Gaza: the real issue

Published August 11, 2014
Israel must end its blockade of Gaza, stop building new settlements and expanding the existing ones on the West Bank. — Photo by AFP
Israel must end its blockade of Gaza, stop building new settlements and expanding the existing ones on the West Bank. — Photo by AFP

A temporary ceasefire halts killings for a while but gives no guarantee of a long-term peace based on justice.

On Friday, the 72-hour Gaza truce agreed upon for ‘humanitarian reasons’ came to an end with hostilities resuming in what by any standards is an uneven match. Pledging “no nonsense”, Benjamin Netanyahu, Israel’s hawkish prime minister, has threatened to continue the killing in Gaza until the job is finished.

By this he means putting an end to Hamas’s ability to resist.

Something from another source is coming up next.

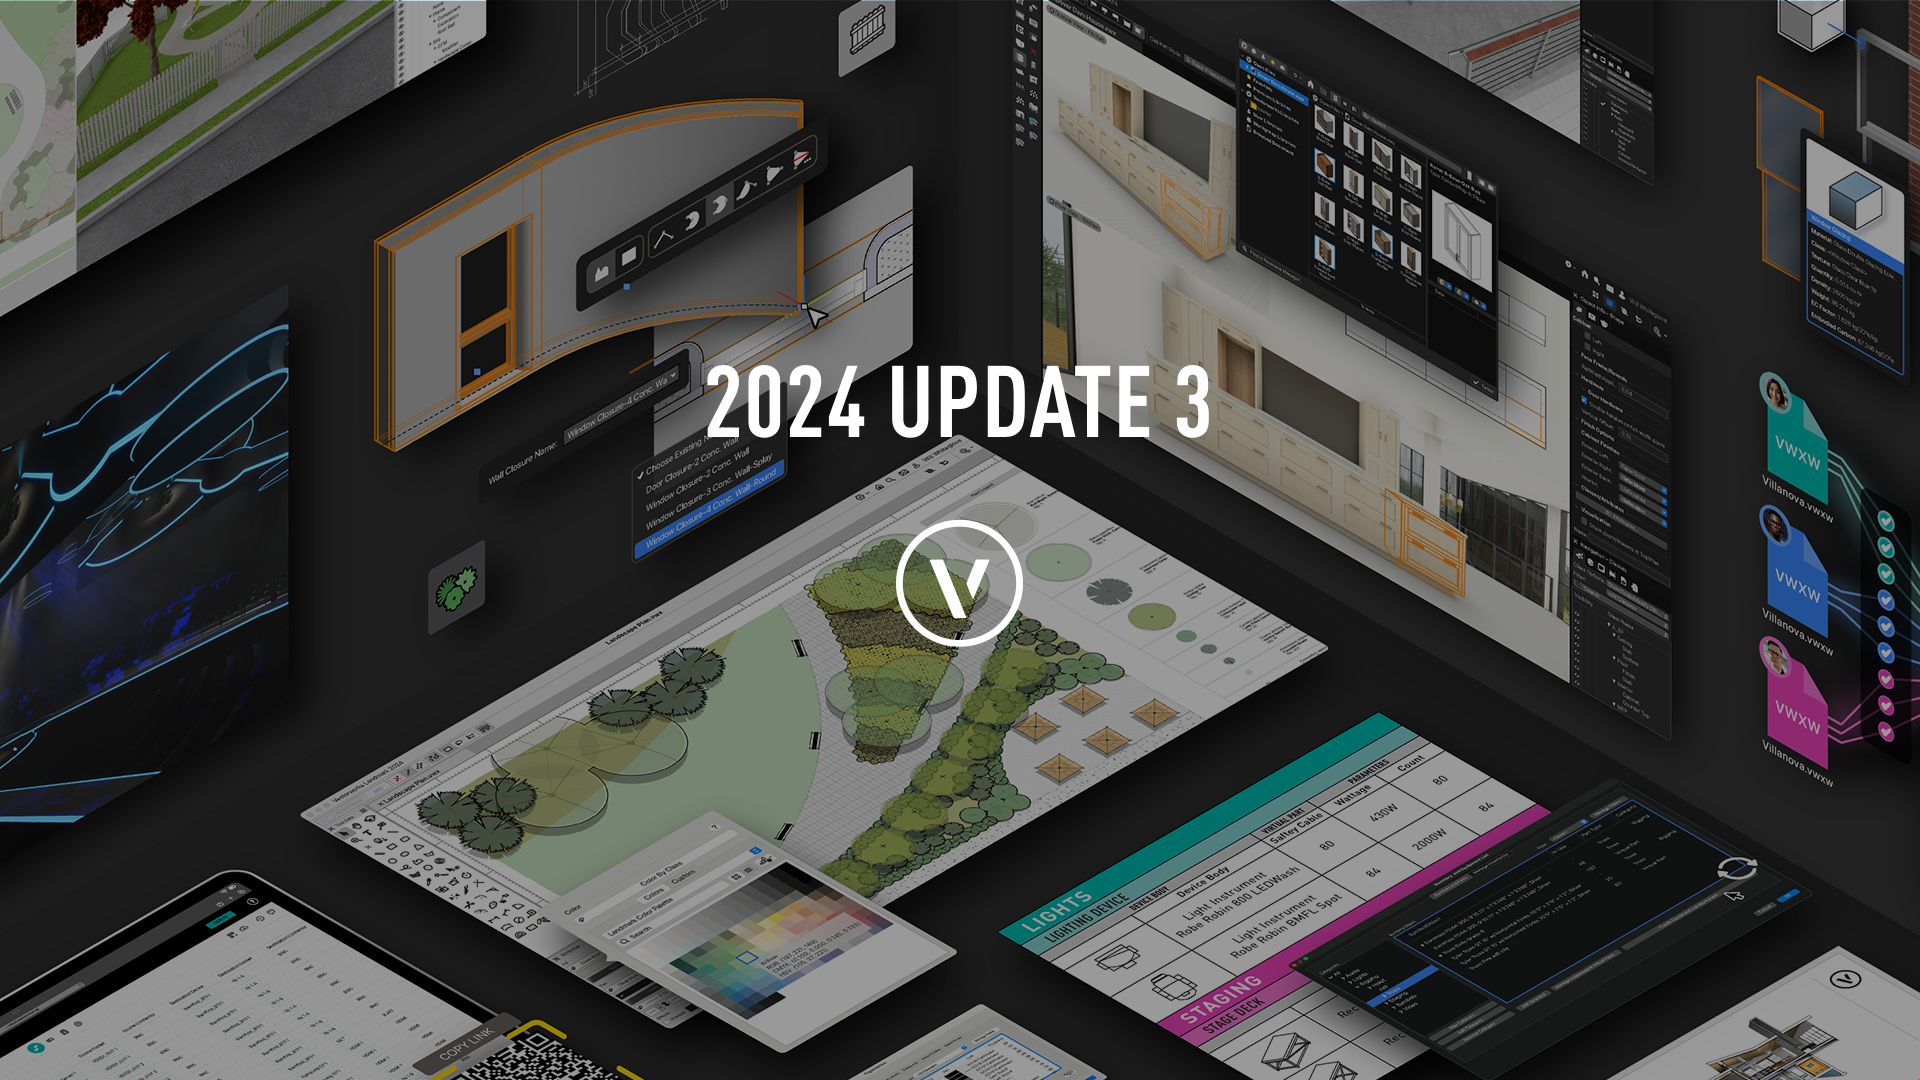 Vectorworks 2024 Update 3 Blooming With Possibilities For Designers

Palestinian President Mahmoud Abbas, however, spoke the truth when he said: “Israel is not defending itself, but its settlements.” The world has reacted with horror to Israel’s cold-blooded murder of Gaza’s civilian population under the dubious claim that Hamas is using civilians as a shield.

The bombing of two UN schools has evoked universal condemnation, and even Israel’s ally America has been constrained to voice criticism. But the issue is neither that of global fury nor of any number of ‘temporary’ cessations of hostilities. The issue — and it needs to be repeated — is Israel’s refusal to pull out of the occupied territories.

There is no denying that the methods employed by Hamas to resist Israel’s hardline policies are questionable. But what Mr Netanyahu does not realise is that Hamas is, in fact, a creation of years of Israeli injustices and barbarity that have targeted the Palestinians. And even if Israel does manage to neutralise the fighting capabilities of Hamas, groups even more extremist in nature will arise.

After having accepted the two-state solution not once but many times through public declarations and international agreements, it is binding on Israel to step away from its confrontationist policies and to meaningfully engage with the Palestinians to meet their justified demands. Otherwise Palestinians will have every right to resist the blockade imposed on Gaza.

Here are some of the fundamentals for a durable peace: Israel must end its blockade of Gaza, stop building new settlements and expanding the existing ones on the West Bank, and start pulling out of the occupied territories to pave the way for the emergence of a sovereign Palestinian state.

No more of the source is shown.